Court of Appeal Considers Indivisible Injuries

Court weigh indivisible injuries from different accidents in decision

The case of BRADLEY V. GROVES, 2010 BCCA 361 (“BRADLEY”), released on July 29, 2010, dealt with “indivisible” injuries resulting from two separate accidents. At trial, the Defendant was found to be responsible for all injuries suffered by the Plaintiff, despite the fact that the initial injuries caused by the Defendant’s negligence were later compounded by an unrelated accident.

On appeal, the Defendant argued that the trial court should have taken the approach advocated in LONG V. THIESSEN, [1968] B.C.J. No. 1, 65 W.W.R. 577 (C.A.), whereby courts would “take a single injury and divide it up into constituent causes or points in time, and assess damages twice; once on the day before the second tort, and once at trial” (BRADLEY, para. 33).

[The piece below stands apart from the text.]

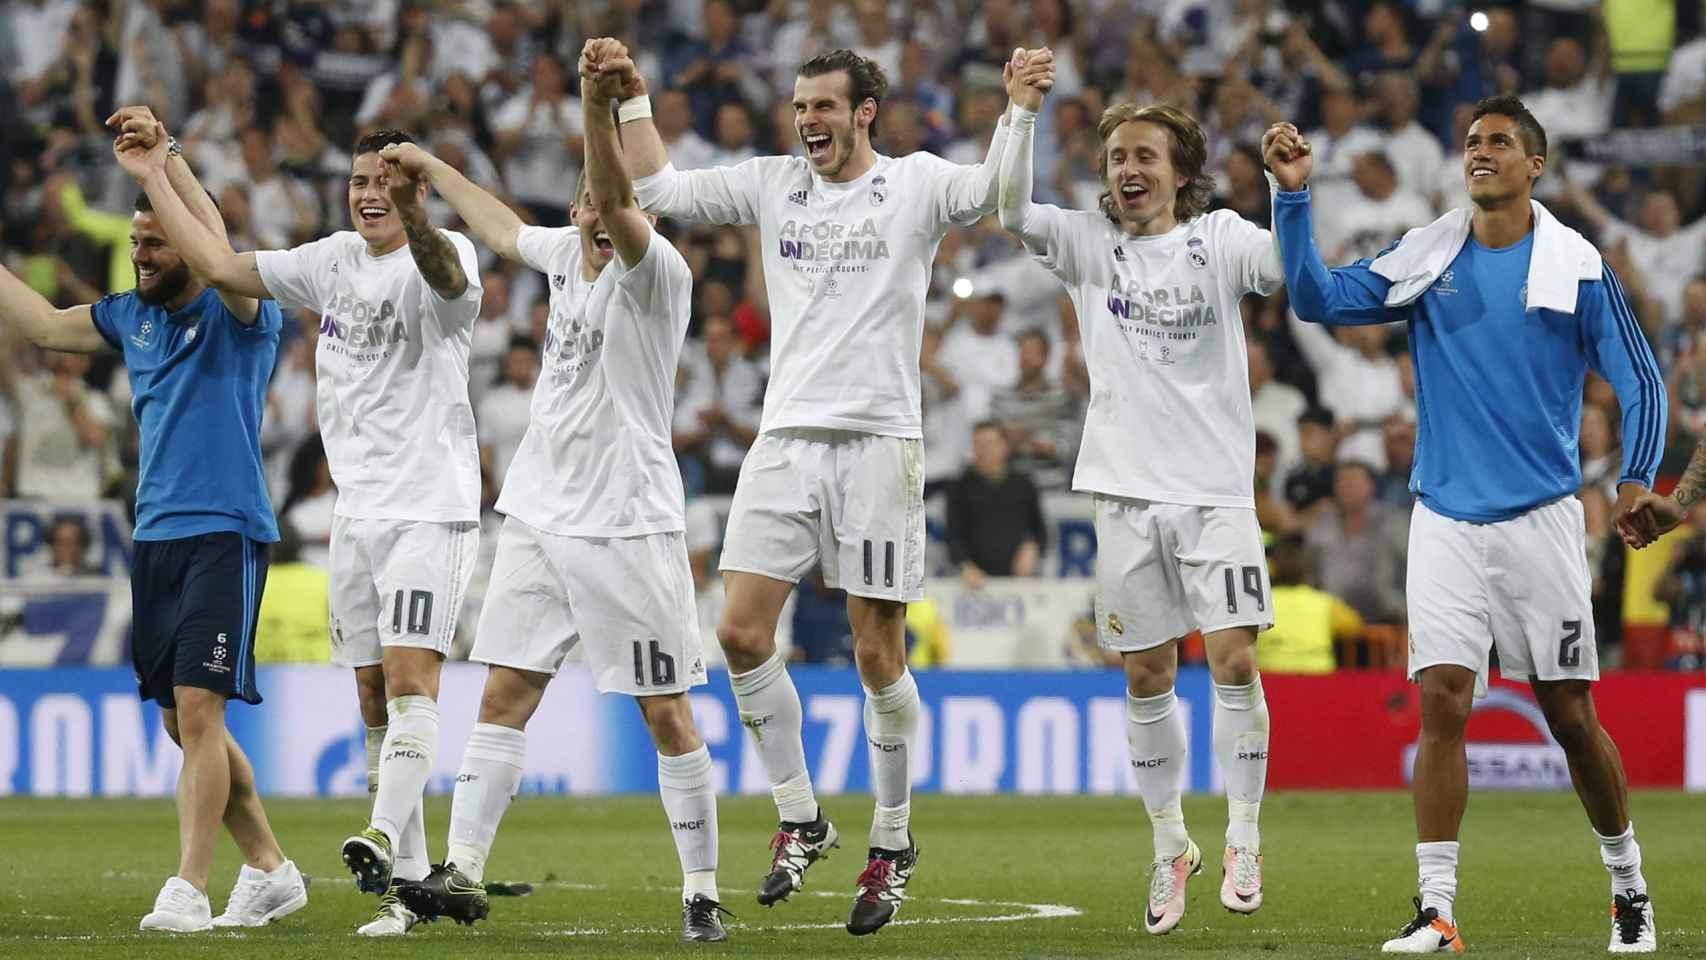 Jugadores del Real Madrid celebran el pase a la final de Champions.

However, the Court in BRADLEY held that the idea that “[e]ach defendant is responsible only for their share of the injury and the plaintiff can recover only the appropriate portion from each tortfeasor” (para. 33), although logical in certain contexts, is unhelpful where the respective “shares” are found to be indivisible. In such a case, a single tortfeasor can be held liable for the entire amount of any damages awarded.

At paragraph 35 of its decision, the Court was careful to point out that past case law had already rendered the apportionment analysis in LONG V. THIESSEN inapplicable to indivisible injuries:

This is not a case of this Court overturning itself, because aspects of LONG V. THIESSEN were necessarily overruled by the Supreme Court of Canada’s decisions in ATHEYE.D.G., andBLACKWATER.  Other courts have also come to this same conclusion: see MISKO V. DOE, 2007 ONCA 660, 286 D.L.R. (4th) 304 at para. 17.

The Court in BRADLEY also referenced past case law when it stated that “the first accident remains a cause of the entire indivisible injury suffered by the plaintiff under the ‘but for’ approach to causation endorsed by the Supreme Court of Canada in RESURFICE CORP. V. HANKE, 2007 SCC 7, [2007] 1 S.C.R. 333”. The Court relied on the general principles of negligence to hold that “but for” the first accident, the injury as it existed at trial would not have been possible. The imposition of absolute liability for a necessary contribution to a cumulative injury was found to be consistent with the most basic principles of negligence law.

While the Court left open the possibility that the aggravation of a specific injury resulting from multiple tortious acts may in fact be divisible, the practical and fact-driven nature of the Court’s analysis came to the forefront when it concluded at para. 37 that:

It may be that in some cases, earlier injury and later injury to the same region of the body are divisible. While it will lie for the trial judge to decide in the circumstances of each case, it is difficult to see how the worsening of a single injury could be divided up.

In the result, the Court in BRADLEY justified an abandonment of any attempt to apportion liability for indivisible injuries on both jurisprudential and practical grounds. While the “but for” test supports imposing absolute liability for a necessary but not sufficient cause of an injury, the factual and evidential complexities associated with determining contribution to an indivisible injury provide the practical foundation for the Court of Appeal’s analysis.